Fundsters interested in the fate of
AllianceBernstein [
see profile] may want to
take a look at
Bloomberg or
BusinessWeek. This week
Charles Stein penned a report (one version on
Bloomberg
and then another via its magazine
sibling) on the efforts of
Peter Kraus, chairman and
CEO, to reverse AllianceBernstein's fortunes after the financial
crisis. One version highlights the $52 million pay package
AllianceBernstein used to bring Kraus on-board in December 2008.
| Peter Kraus AllianceBernstein Chairman and CEO | |
"Asset management companies aren't built overnight and they don't
decline overnight," Kraus told Stein. "What we are doing is
executing. We are out there hitting singles."

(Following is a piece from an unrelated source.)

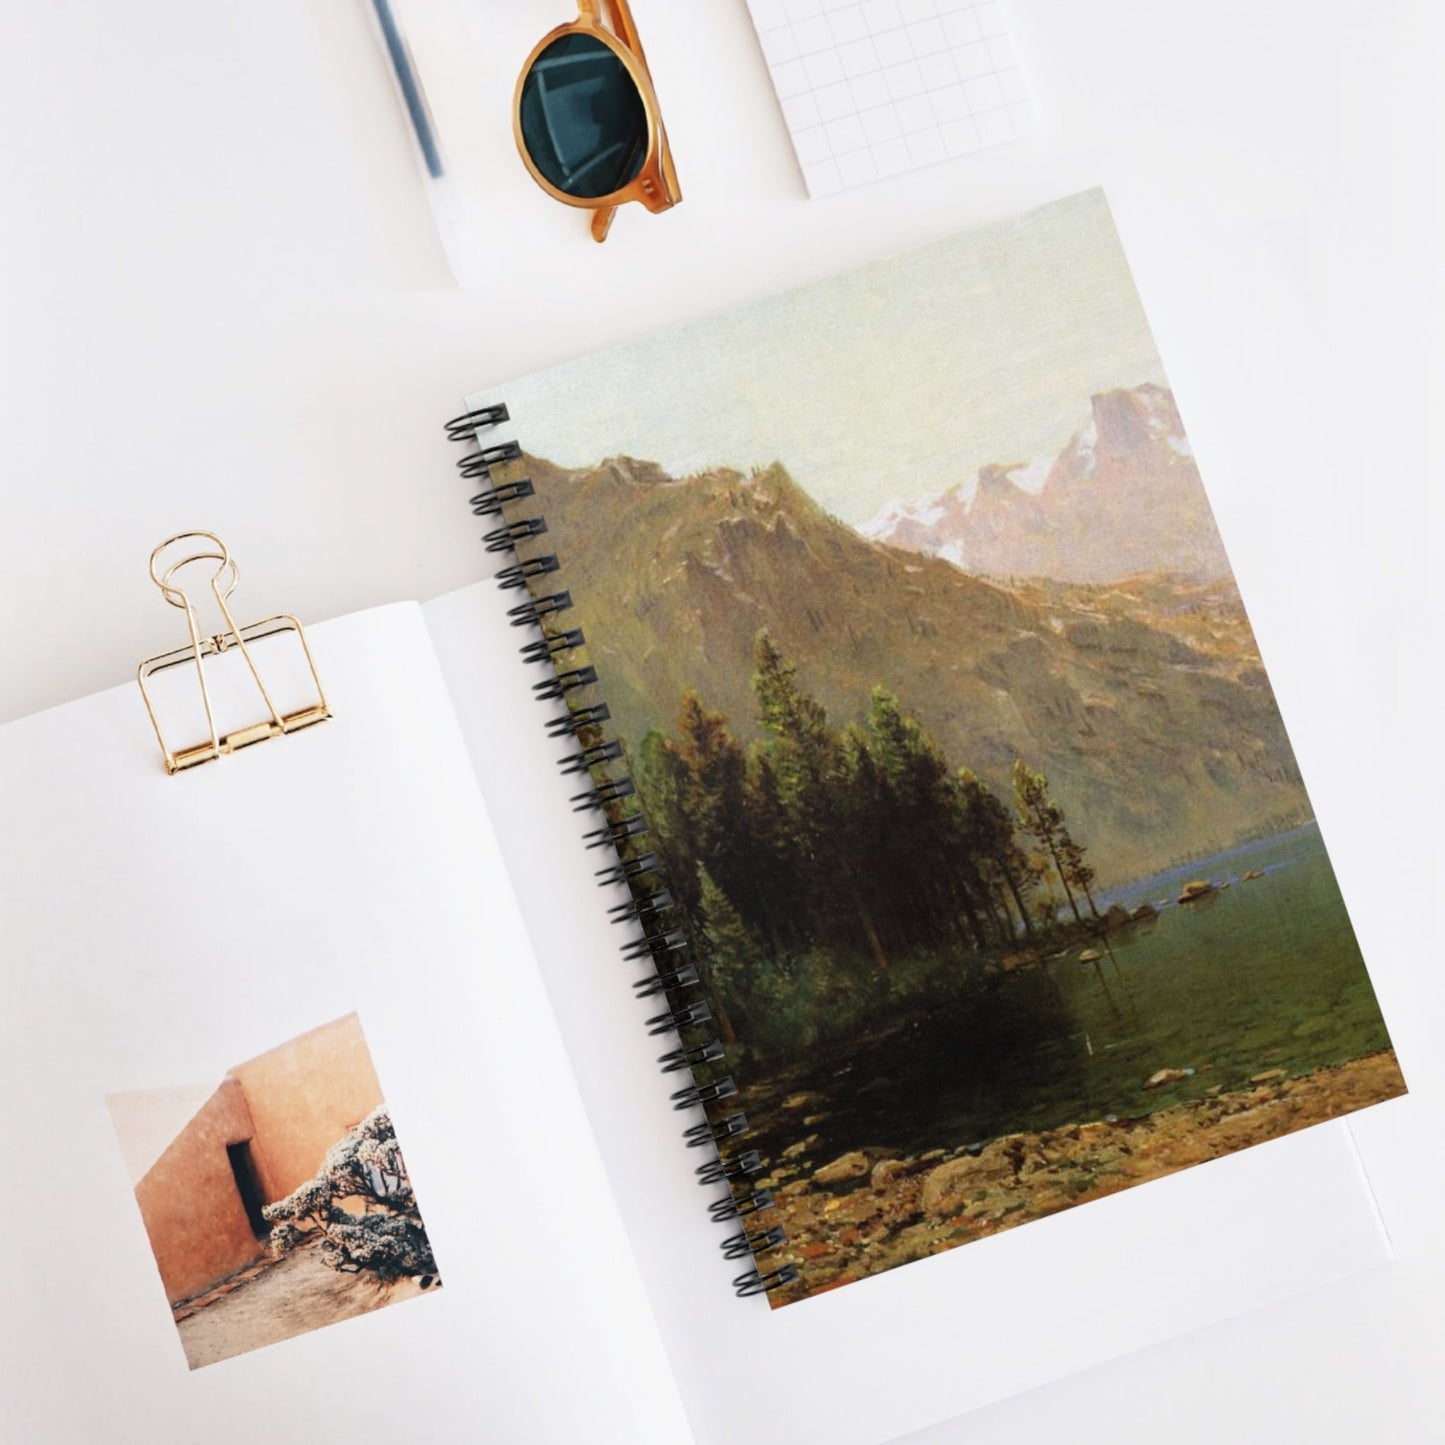 Lake and Mountains Spiral Notebook Displayed on Desk

It seems AllianceBernstein's woes are more institutional than retail
in nature -- according to the firm, on February 28 57 percent of its
assets were institutional, 27 percent retail and the remaining 16
percent high net worth. (Stein notes that investors (particularly
institutional equity investors) pulled $126 billion from
AllianceBernstein between December 31, 2008 and December 31, 2010.
Kraus expects future returns to "be consistent and better than the
competition," though Stein worries that AllianceBernstein's recent
performance has been rough. And
Cogent Research principal
Christy White claimed that AllianceBernstein came in last in a
brand loyalty survey of institutional investors.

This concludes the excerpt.